Step 2 — Discover and Download Data

  1. Check if a local copy exists (cached from prior use):

    ls -la /tmp/USGSPWDBv2.3c.csv 2>/dev/null || ls -la /tmp/USGS_NPWGDv3_excel.xlsx 2>/dev/null
    
  2. If not cached, download from ScienceBase:

    # Prefer v2.3 CSV for scripted analysis (v3.0 requires openpyxl for Excel)
    curl -L -o /tmp/USGSPWDBv2.3c.csv \
      "https://www.sciencebase.gov/catalog/file/get/59d25d63e4b05fe04cc235f9?f=__disk__11%2F1e%2F8e%2F111e8e3952b1637289254fd398af95a81f937389"
    
  3. Warn the user about file size (~66 MB for v2.3 CSV, ~80 MB for v3.0 Excel).

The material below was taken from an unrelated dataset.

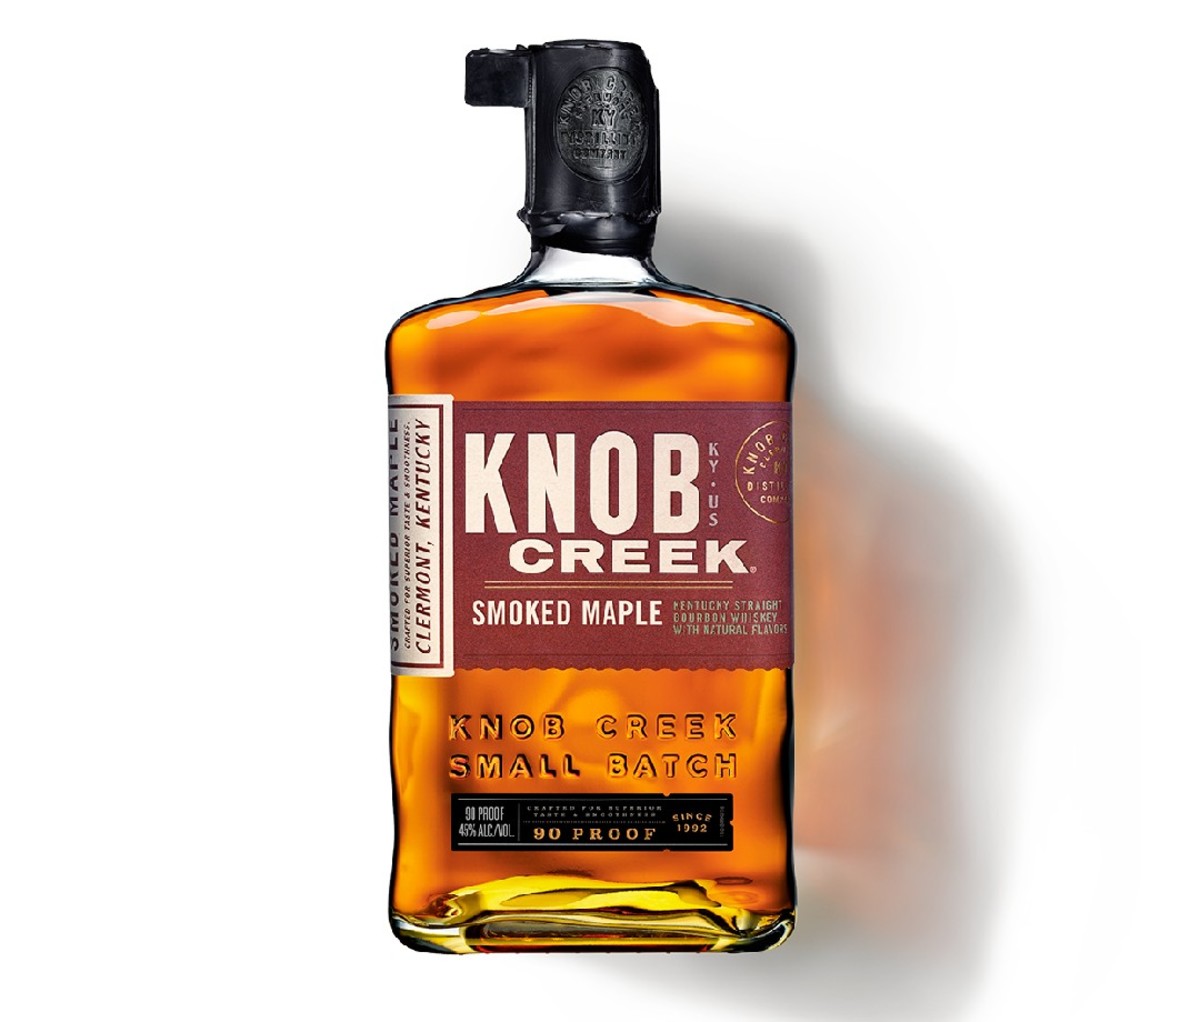 A bottle of Knob Creek Smoked Maple Bourbon.

Step 3 — Filter and Analyze

Use Python (or bash with awk/csvtool) to filter and compute statistics:

import csv, statistics

# Load CSV
with open("/tmp/USGSPWDBv2.3c.csv") as f:
    reader = csv.DictReader(f)
    rows = [r for r in reader if "marcellus" in r.get("FORMATION", "").lower()]

# Extract Li values
li_vals = [float(r["Li"]) for r in rows if r.get("Li") and r["Li"] not in ("", "-9999")]

# Statistics
print(f"Marcellus Li: n={len(li_vals)}, "
      f"median={statistics.median(li_vals):.1f}, "
      f"mean={statistics.mean(li_vals):.1f}, "
      f"max={max(li_vals):.1f} mg/L")

For common queries, use the ready-made client in references/python_example.py which provides filter_rows(), summary_stats(), and formatted output functions.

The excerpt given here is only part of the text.